By Mike Cherney 
 

SYDNEY--Australian bottler Coca-Cola Amatil Ltd. (CCL.AU) said its annual net profit fell 37% due to an impairment charge in its struggling packaged-fruit business and challenges in Australia's drinks market.

The company, which counts Coca-Cola Co. (KO) as its major shareholder, reported a net profit of 246.1 million Australian dollars (US$189 million) in 2016. Underlying earnings before interest and tax rose 3.5% to A$683.4 million, while total revenue rose 1.3% to A$5.25 billion.

The company declared a final dividend of 25 Australian cents a share, an increase of 6.4% on-year. That brought total dividend payouts in 2016 to 46 Australian cents, a rise of 5.7%.

Coca-Cola Amatil said it also would launch a share buyback program of up to A$350 million, beginning in late March.

Excluding an impairment charge for its SPC packaged fruit business, the company said its profit rose 6.2% to A$417.9 million.
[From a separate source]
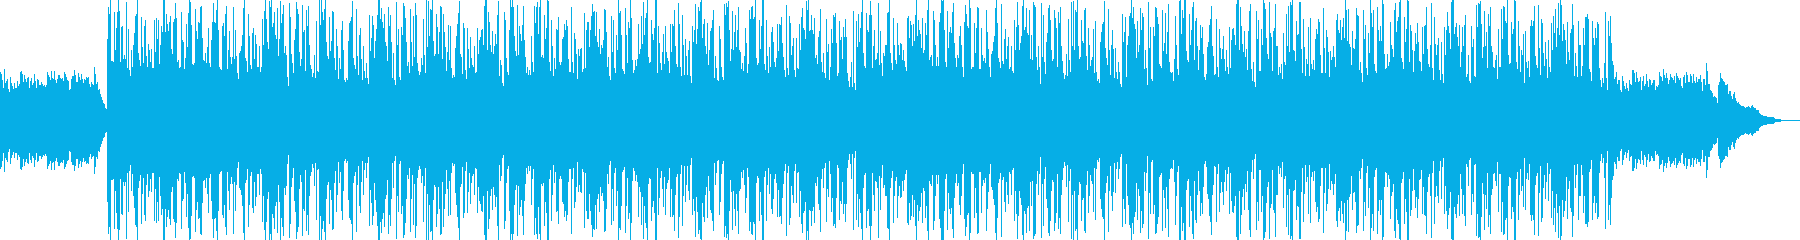 MEDIEBAL中世西洋音楽の心地よさの再生済みの波形

Coca-Cola Amatil said it continued to target mid-single-digit earnings-per-share growth, and that its performance would depend on the success of revenue initiatives in Australia as well as economic factors in Indonesia. In the SPC business, the company said market conditions, including tougher competition from cheaper imports, had put pressure on the division's short-term profitability.

Like other beverage companies, Coca-Cola Amatil has been struggling with shifting appetites as customers in developed markets shy away from sugary carbonated beverages. The company has tried to tap into the trend and rolled out new packaging, product innovation and marketing for its Mount Franklin bottled water brand. The company's alcohol and coffee division has also been a bright spot.

Underlying earnings before interest and tax in its Australia division fell 1.8% over the year.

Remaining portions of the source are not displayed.